Rodeos and Vaquejada

Traditional Brazilian rodeo practices, particularly vaquejada (where horses are used to pull cattle to the ground by their tails), have been controversial welfare-wise. The Supreme Court ruled vaquejada unconstitutional in 2016 on animal cruelty grounds, but Congress passed a constitutional amendment to protect the practice as cultural heritage — illustrating the tension between welfare and cultural tradition.

Progress and Bright Spots

Growing Welfare Movement

Brazilian animal welfare organizations have grown significantly. Groups including Sociedade Vegetariana Brasileira, Fórum Nacional de Proteção e Defesa Animal, and university animal welfare centers have expanded. The Brazilian vegan market is among the fastest-growing in the world, and welfare concerns are increasingly influencing purchasing decisions among urban consumers.
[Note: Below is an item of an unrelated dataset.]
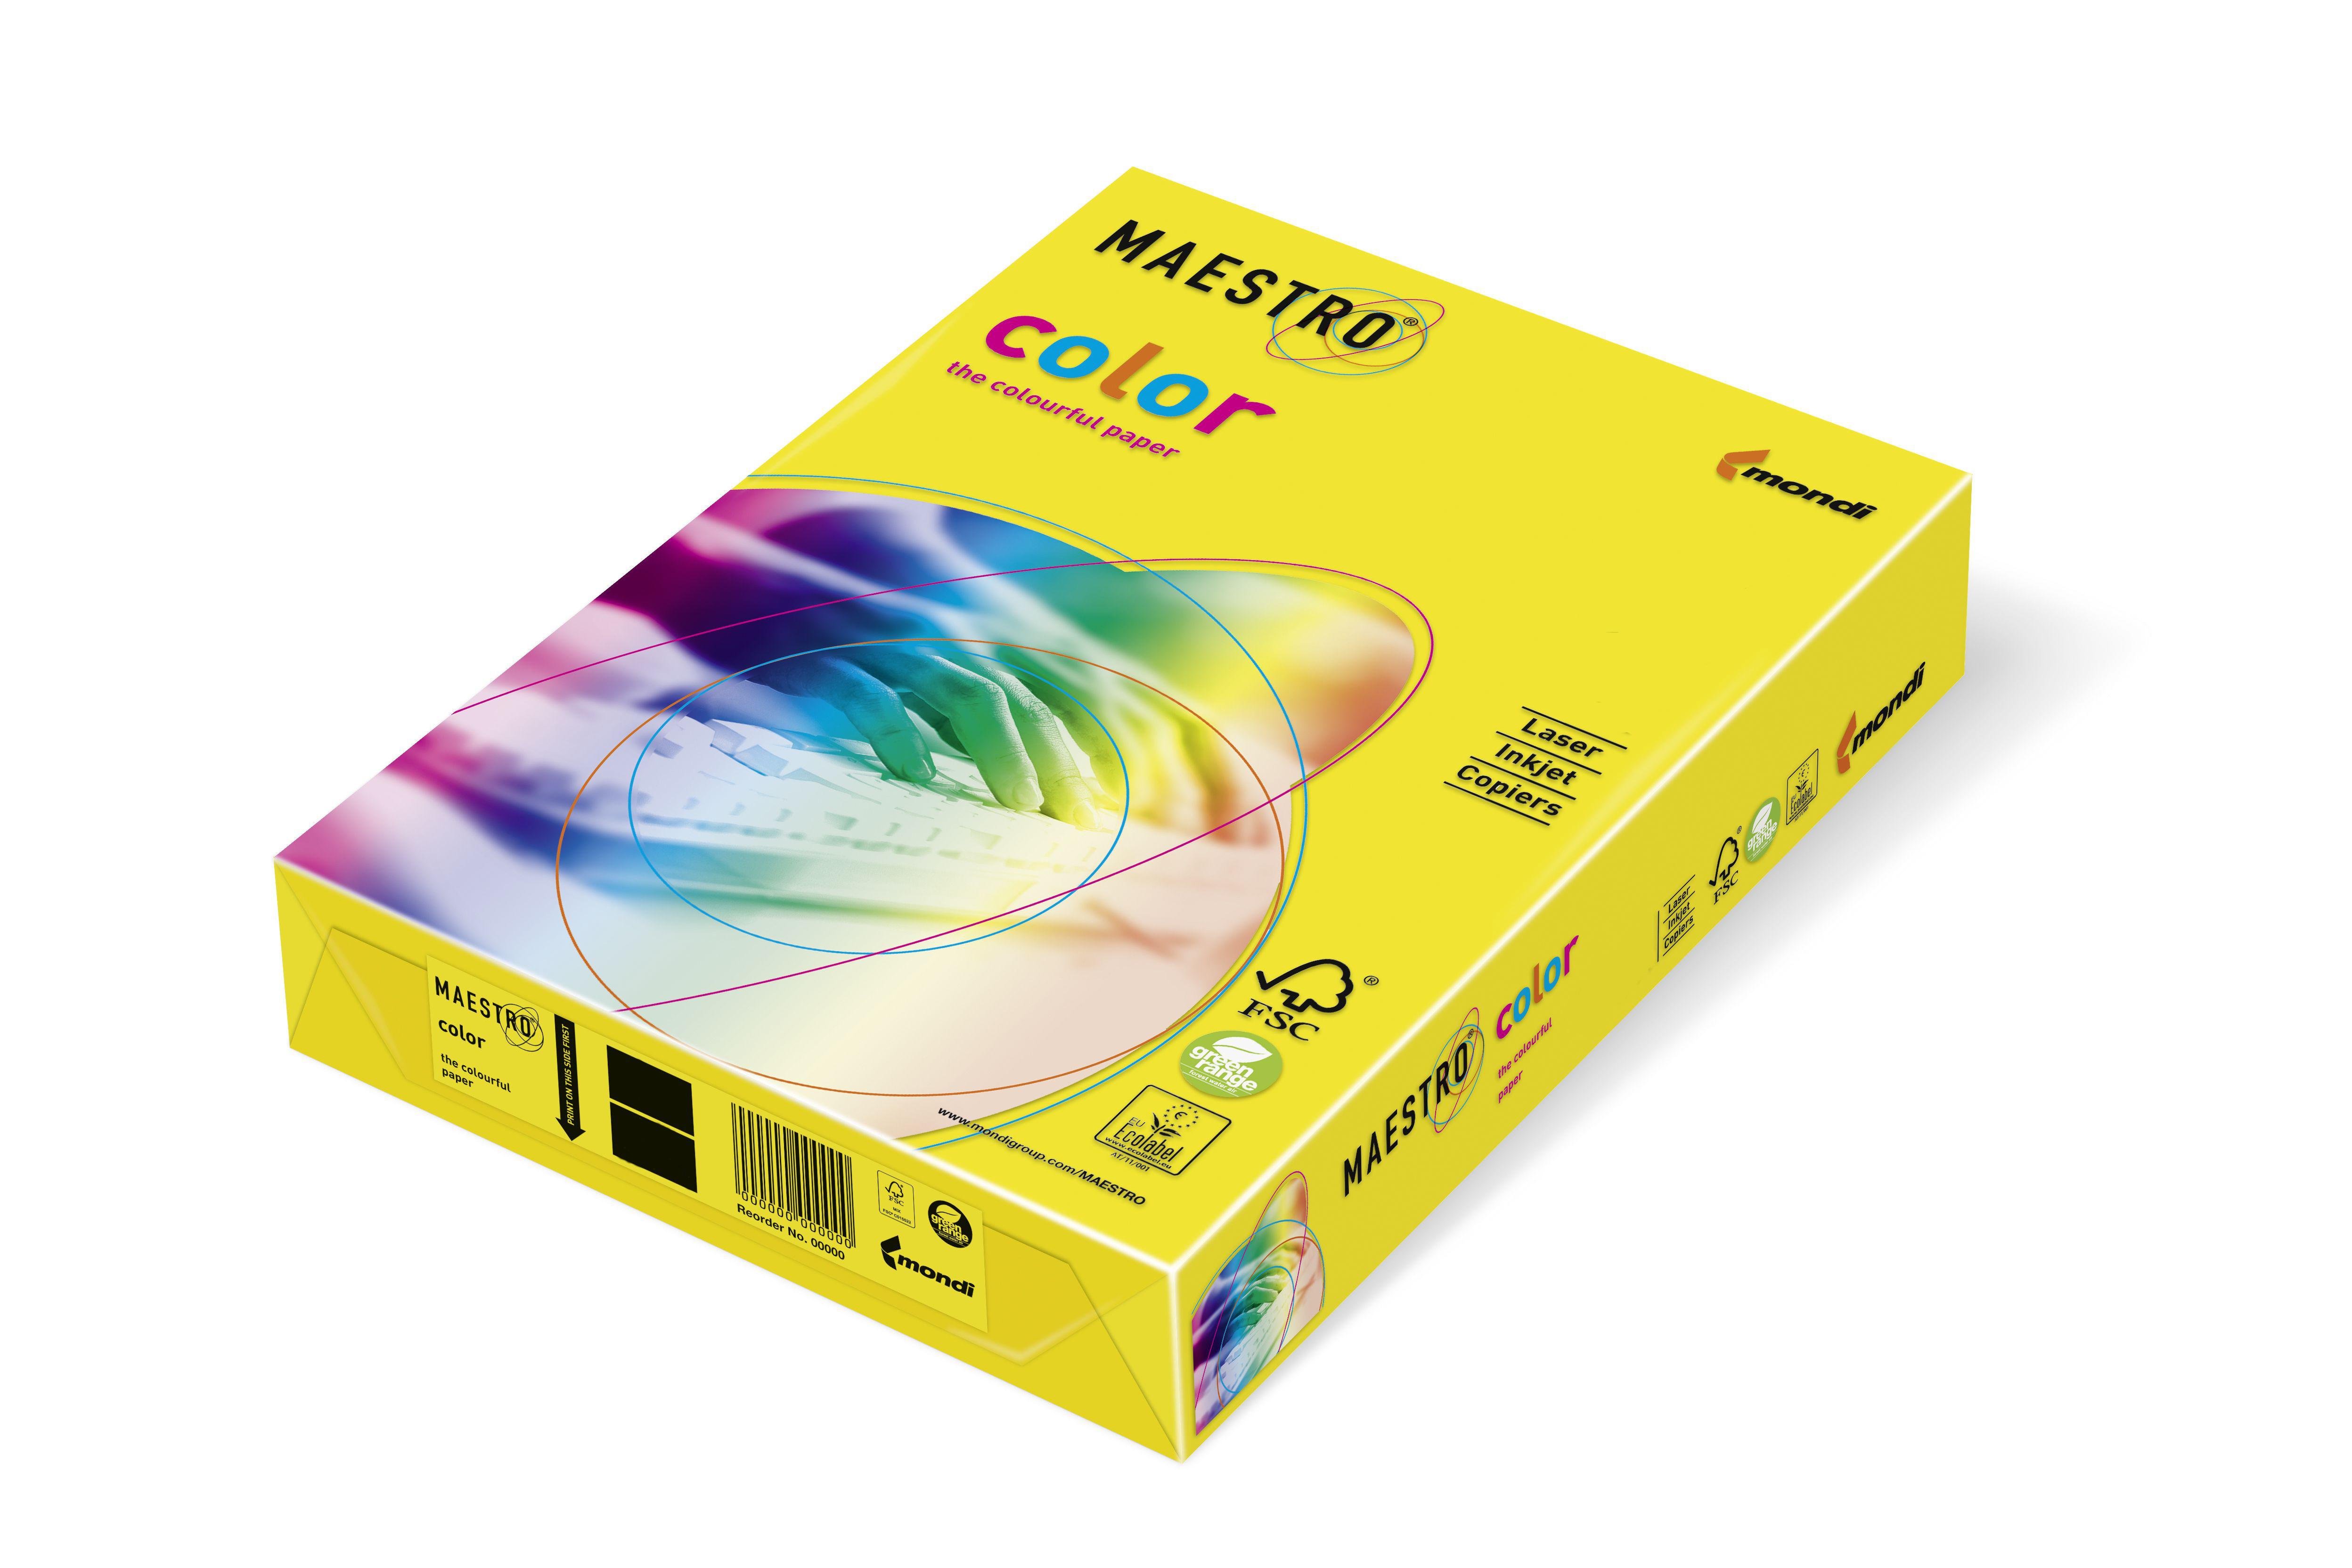 Mondi Maestro Color zitronengelb 80g/m² DIN-A3 - 500 Blatt ZG34

Federal Slaughter Standards

Brazil's normative instruction on animal welfare at slaughter (IN 3/2000, updated since) requires stunning before slaughter in federally inspected plants. For a country of Brazil's scale, this represents meaningful welfare improvement — though enforcement in smaller uninspected plants remains a challenge.

Global Significance

Brazil's welfare standards matter beyond its borders. As the world's largest beef and poultry exporter, Brazil's conditions affect animals globally and influence welfare standards in importing countries. EU deforestation regulation (EUDR) affecting Brazilian beef exports has created economic incentives for supply chain improvement — and similar import standards linking market access to welfare standards could be a significant lever for improvement.